**TASK DIRECTIONS:** Please repeat, from the entries that follow, the lines from the one containing "black cat standing" through the one containing "A plate of Moroccan carrot salad." exactly, adding nothing.

**DATA IN THIS EXERCISE:**
◇ ◇ ◇ ◇

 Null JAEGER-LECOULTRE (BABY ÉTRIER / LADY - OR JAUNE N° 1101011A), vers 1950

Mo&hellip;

◇ ◇ ◇ ◇

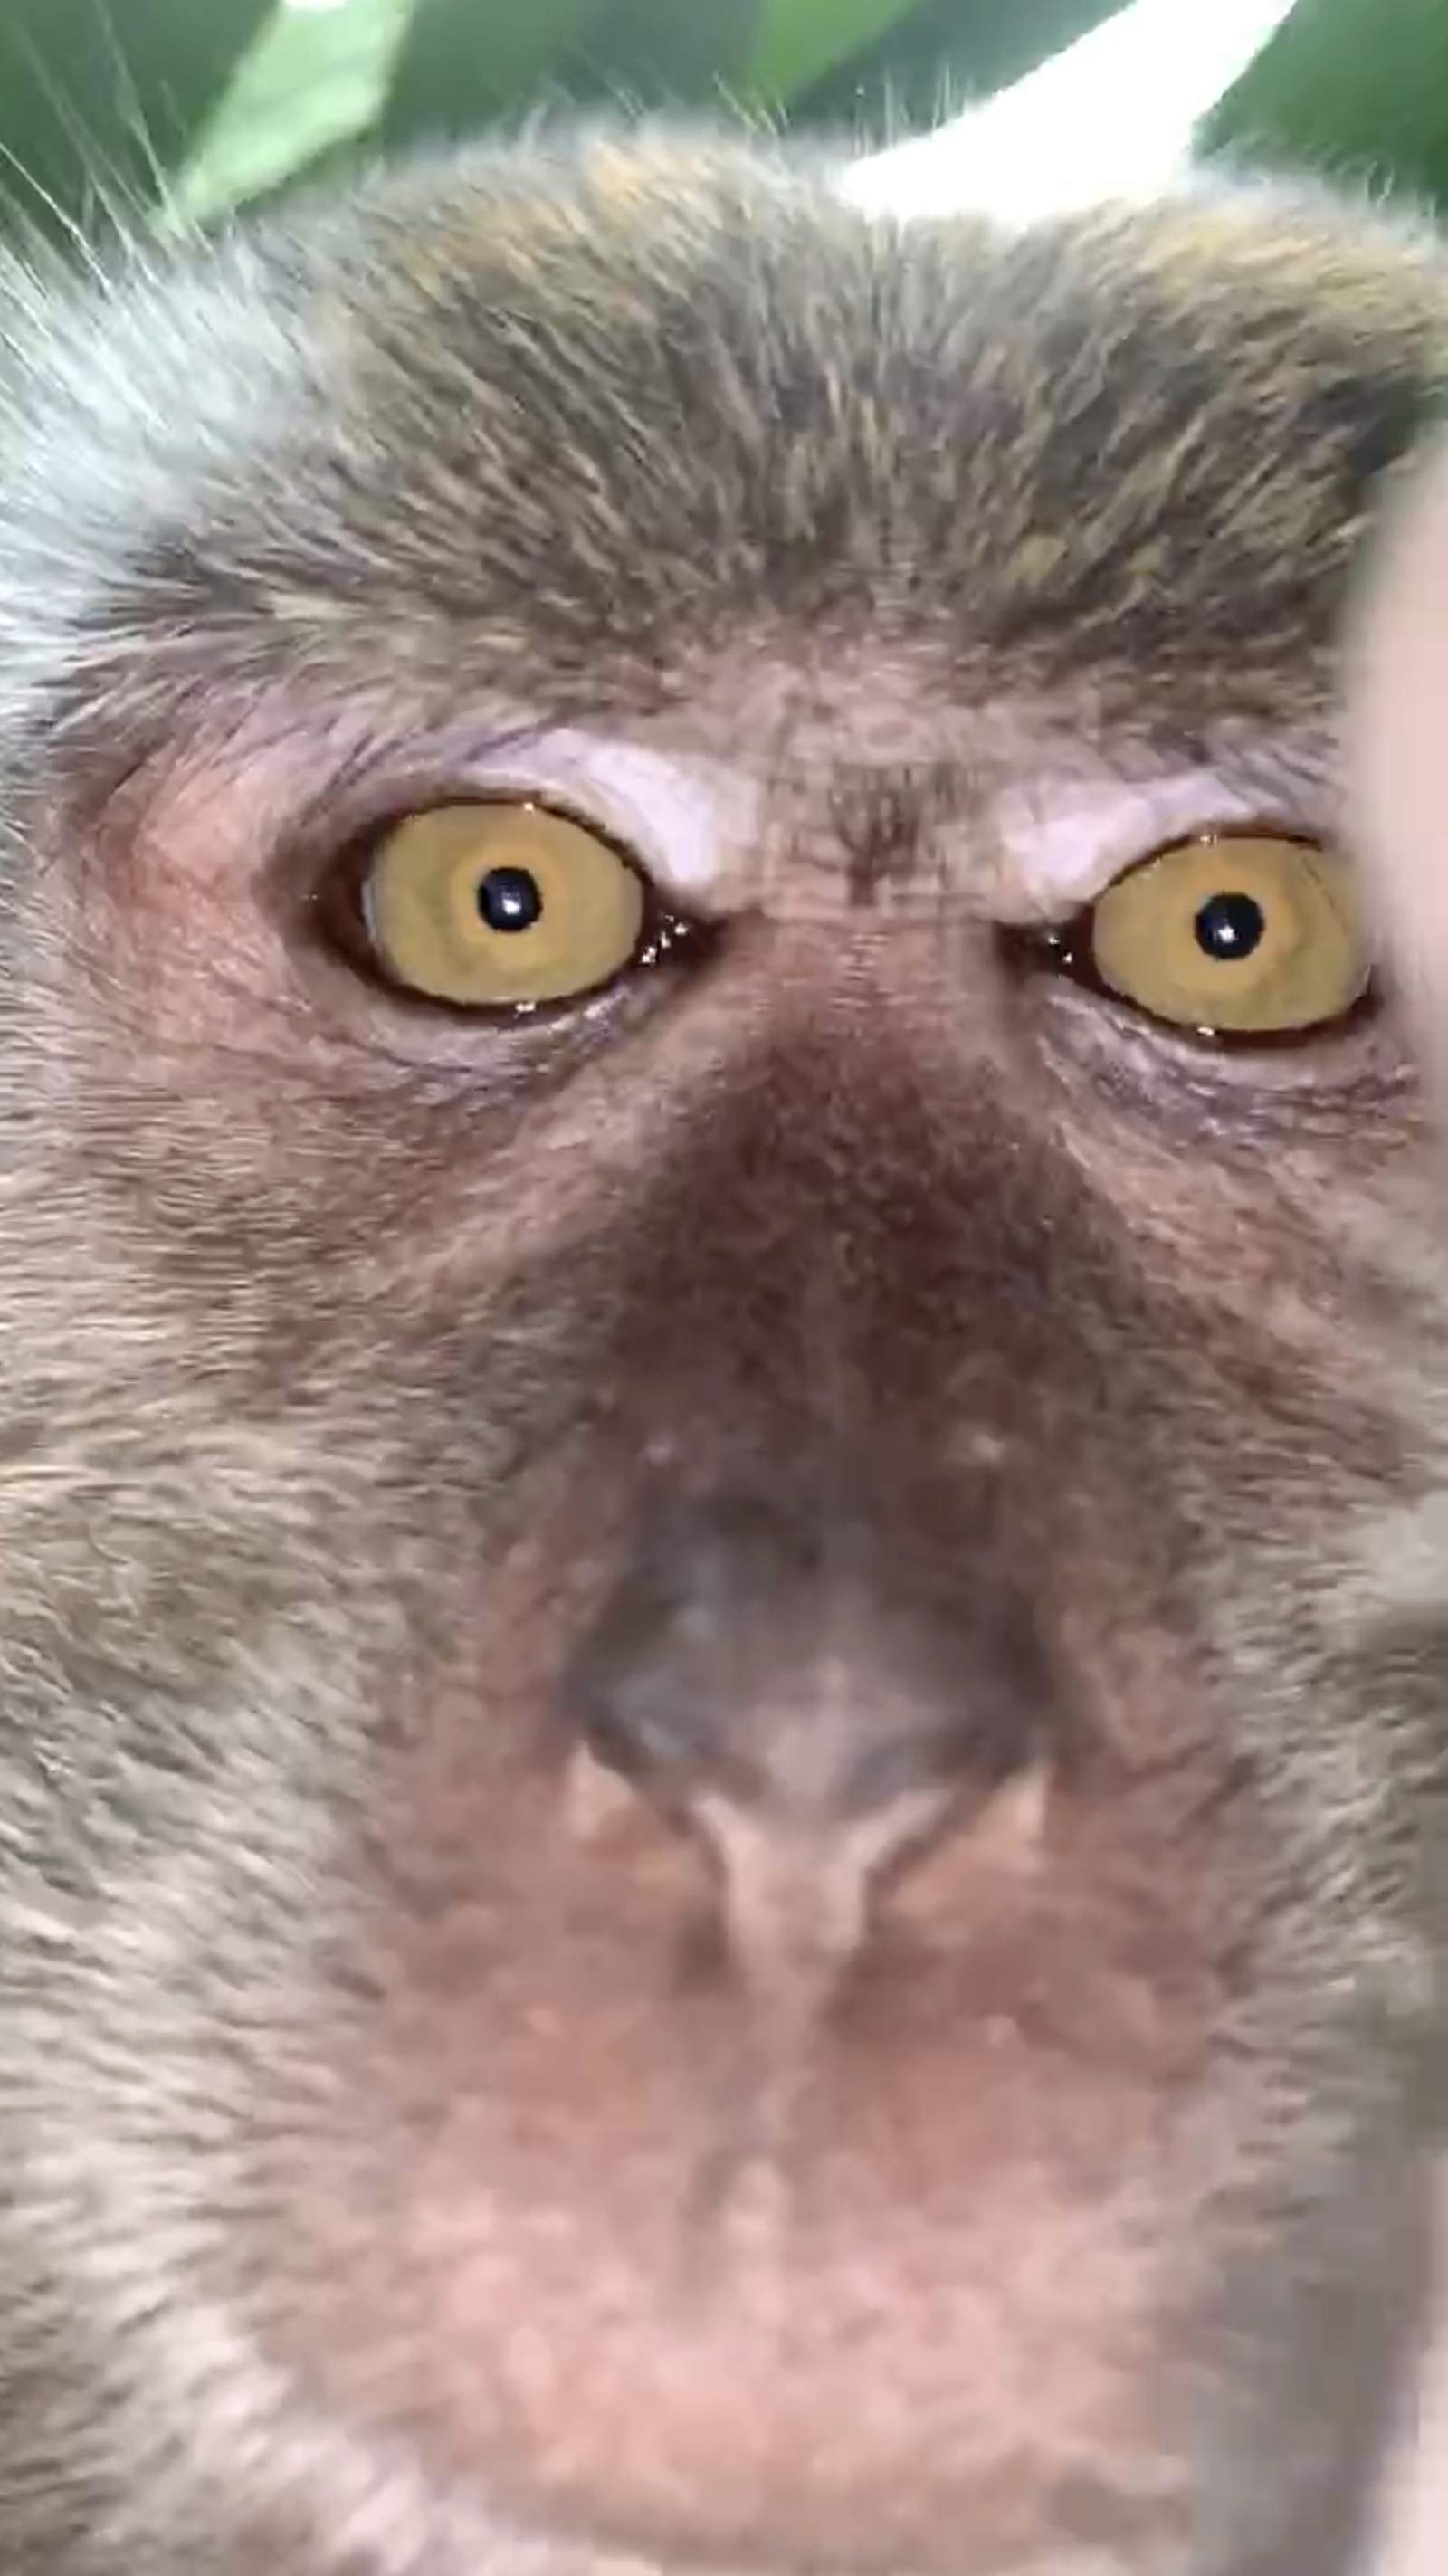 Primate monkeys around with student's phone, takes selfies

◇ ◇ ◇ ◇

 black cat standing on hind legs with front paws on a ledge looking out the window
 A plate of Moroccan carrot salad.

◇ ◇ ◇ ◇

**YOUR SOLUTION:**
 black cat standing on hind legs with front paws on a ledge looking out the window
 A plate of Moroccan carrot salad.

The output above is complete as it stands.